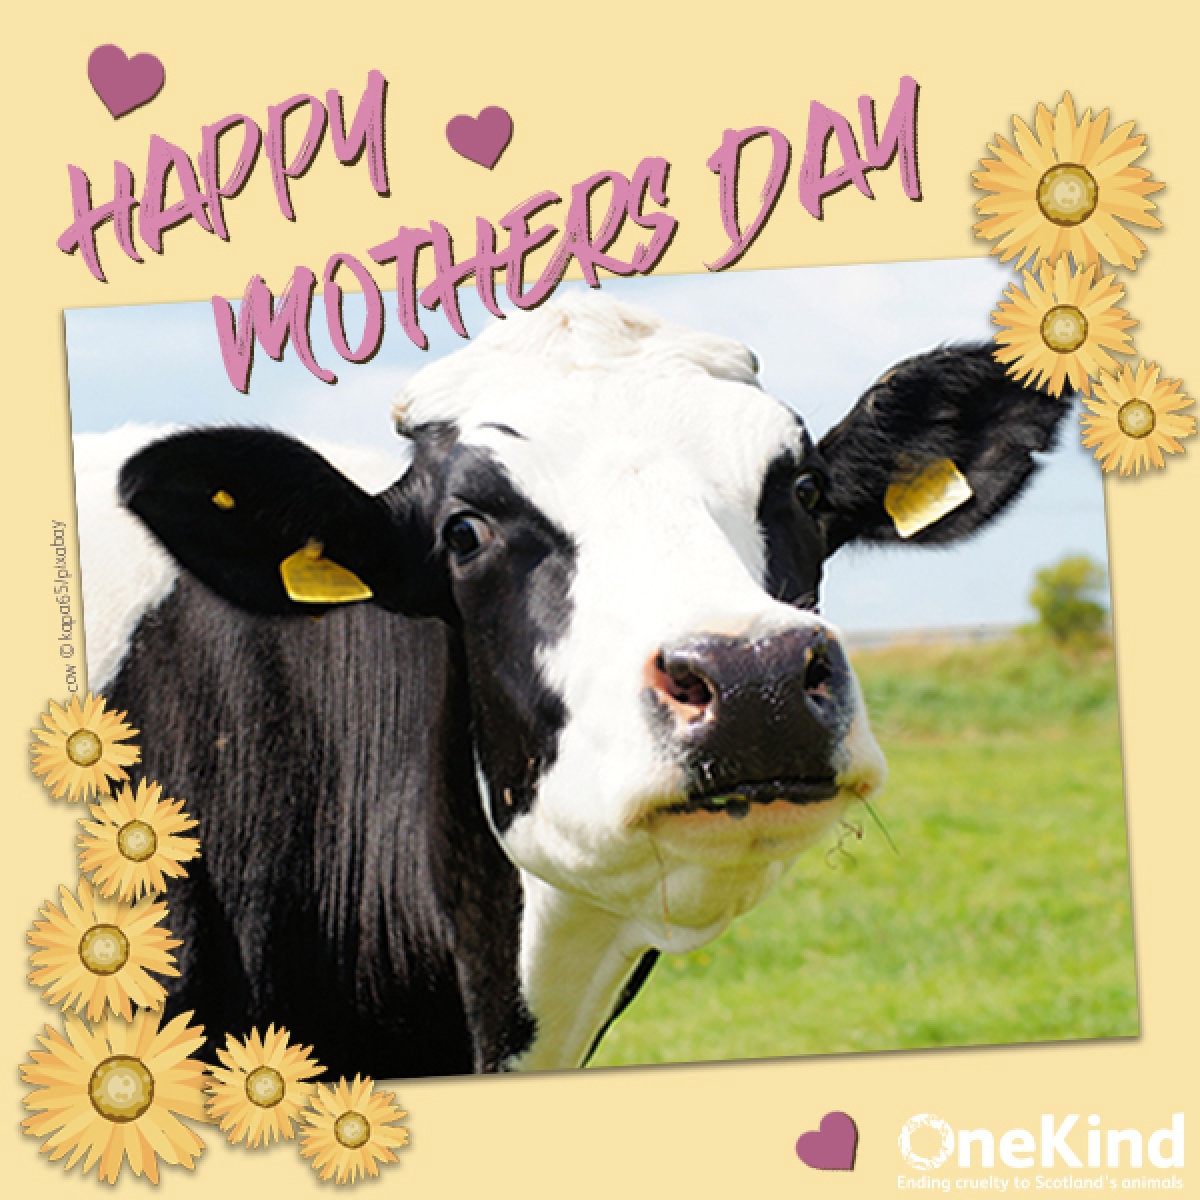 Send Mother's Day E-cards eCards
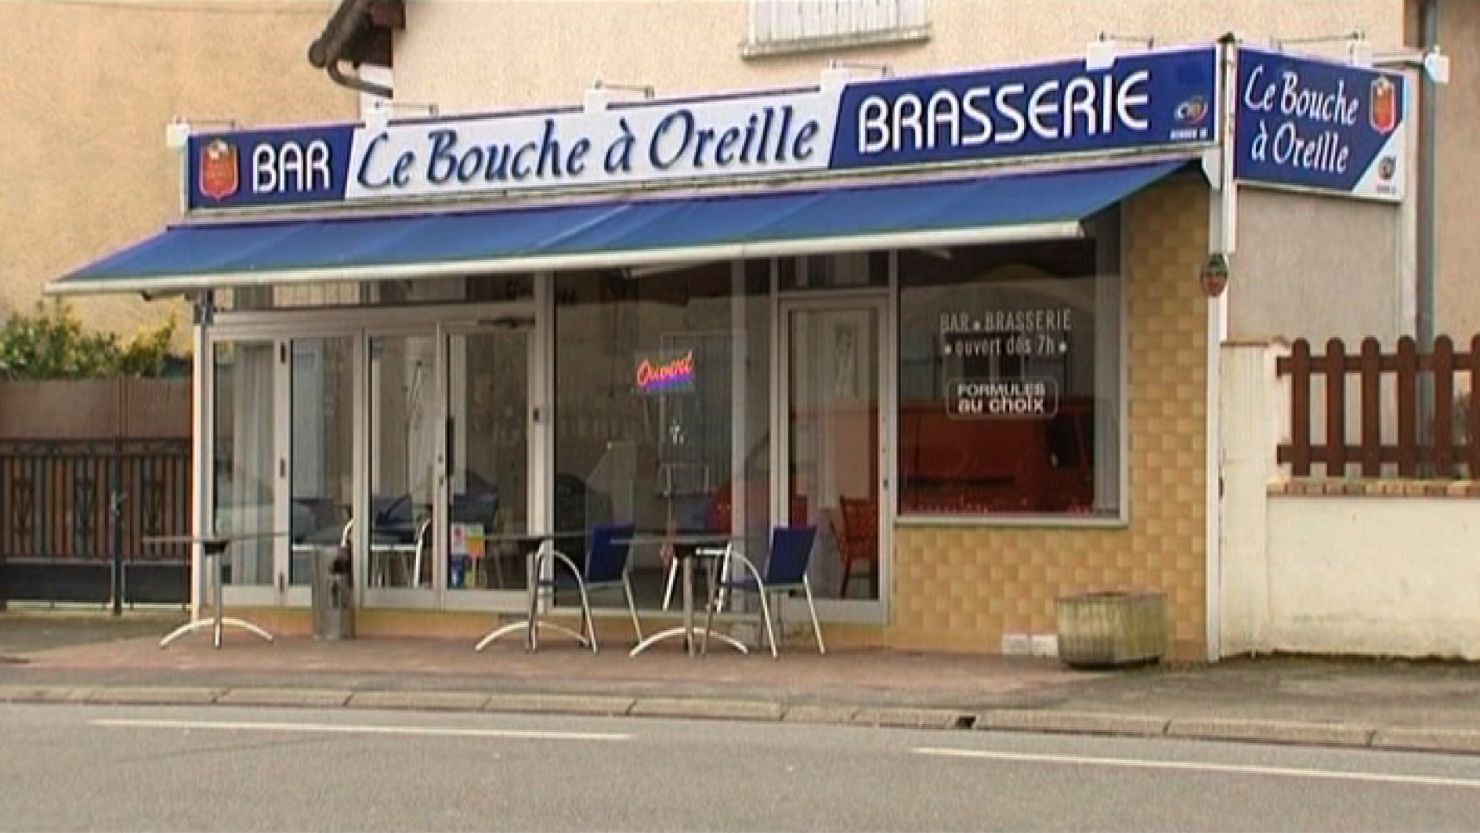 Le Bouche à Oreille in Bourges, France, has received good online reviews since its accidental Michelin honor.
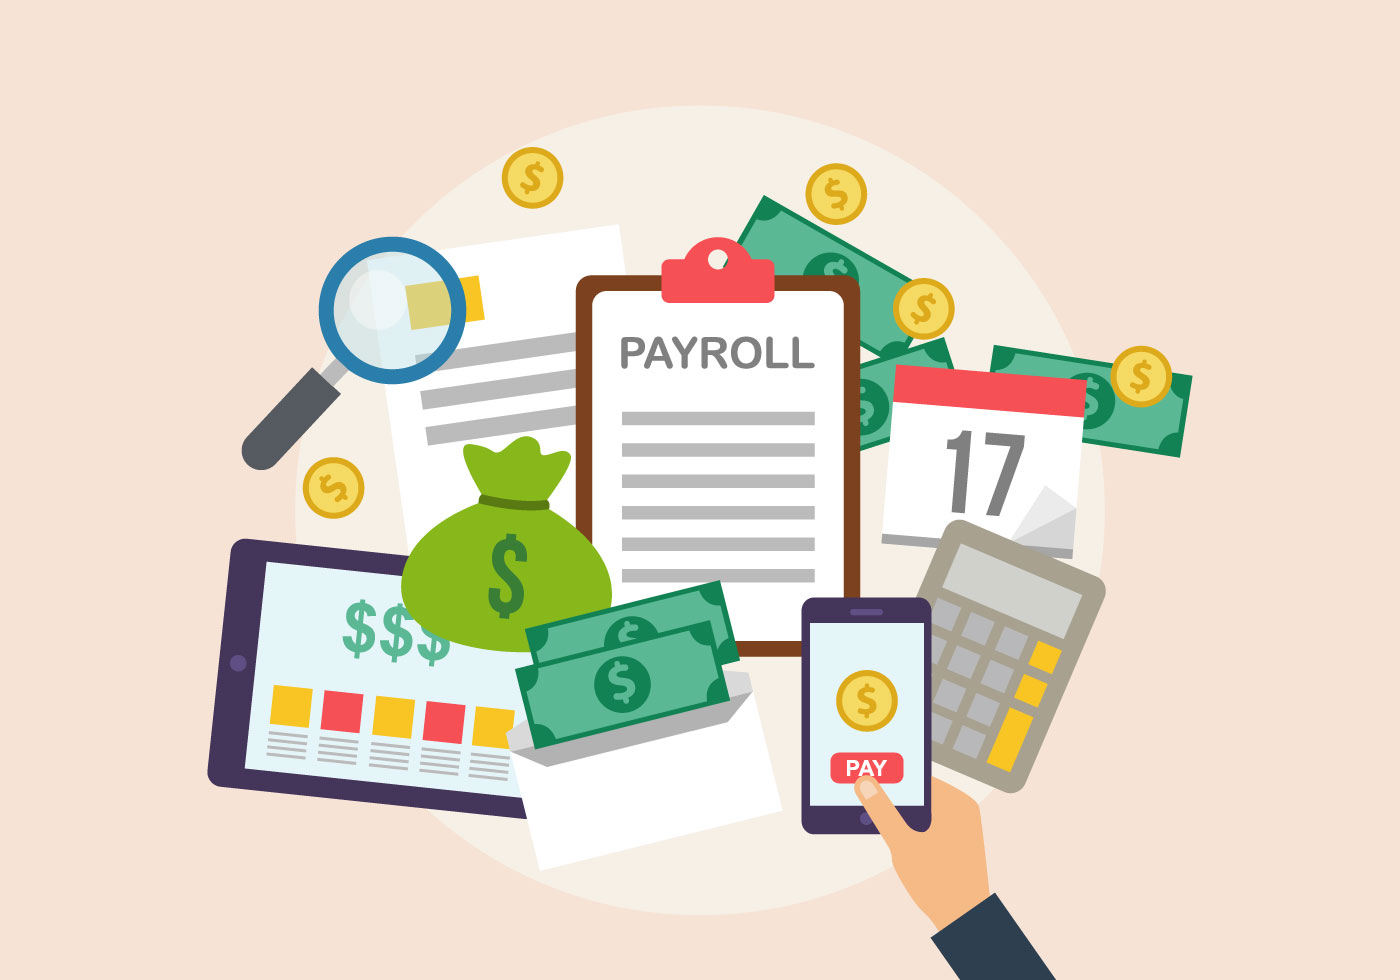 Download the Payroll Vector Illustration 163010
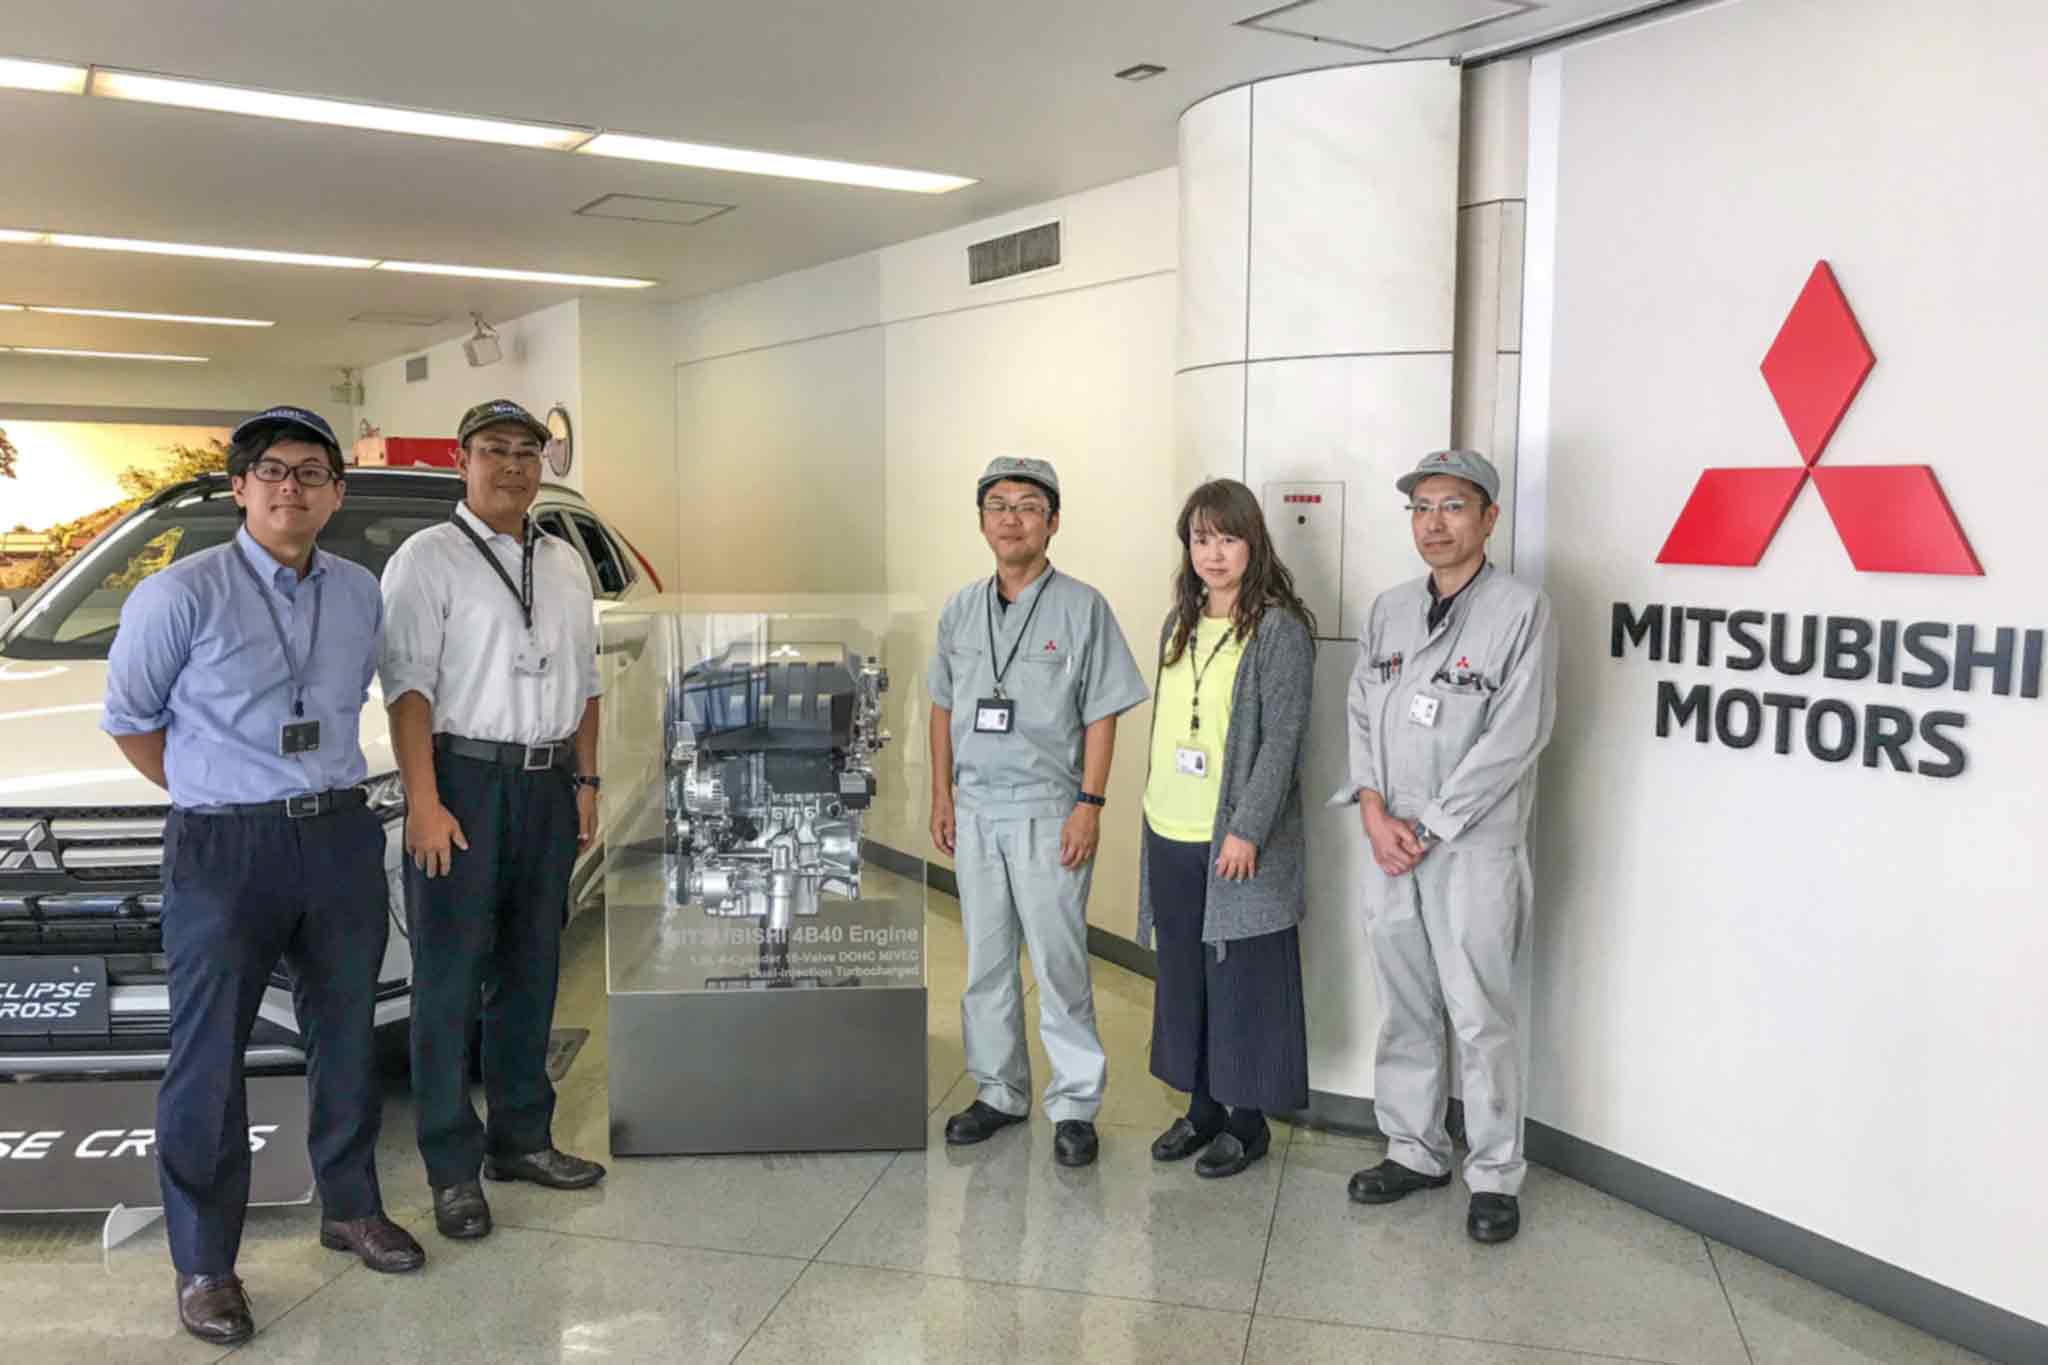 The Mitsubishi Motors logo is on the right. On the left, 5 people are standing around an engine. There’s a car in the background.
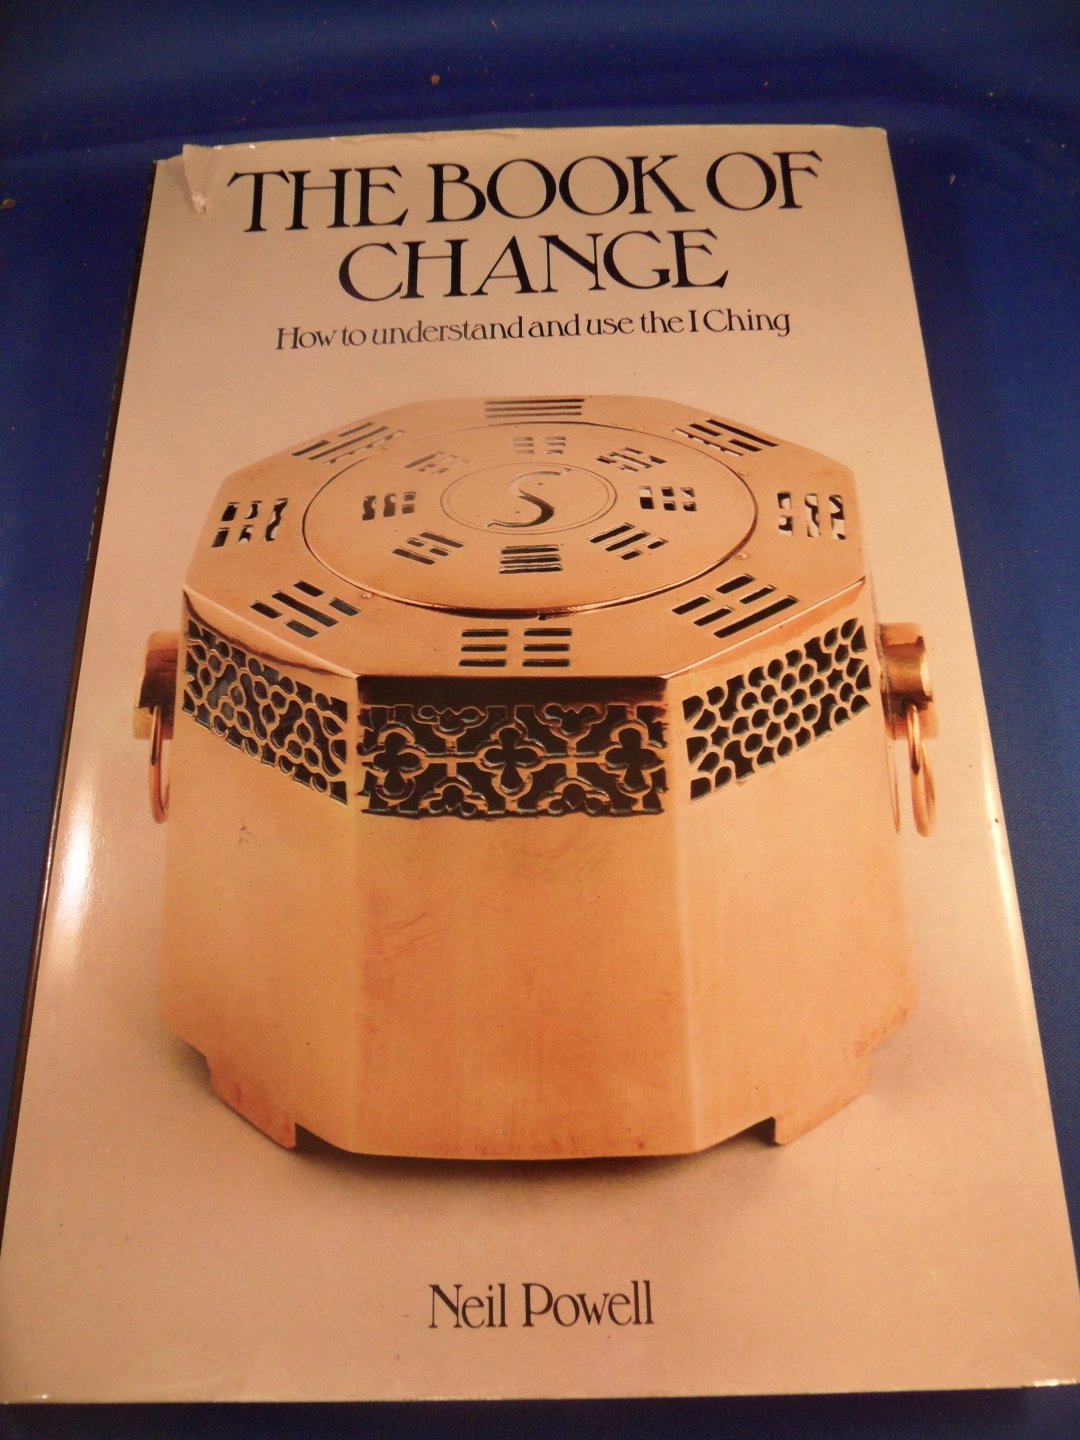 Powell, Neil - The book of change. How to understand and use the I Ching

+---+

- EXERCISE AIM -
The expected answer is the lines from the one that has "Le Bouche à" to the end of the listing, transcribed exactly, with pictures left out and no other line added.

- WRITTEN SOLUTION -
 Le Bouche à Oreille in Bourges, France, has received good online reviews since its accidental Michelin honor.
 Download the Payroll Vector Illustration 163010
 The Mitsubishi Motors logo is on the right. On the left, 5 people are standing around an engine. There’s a car in the background.
 Powell, Neil - The book of change. How to understand and use the I Ching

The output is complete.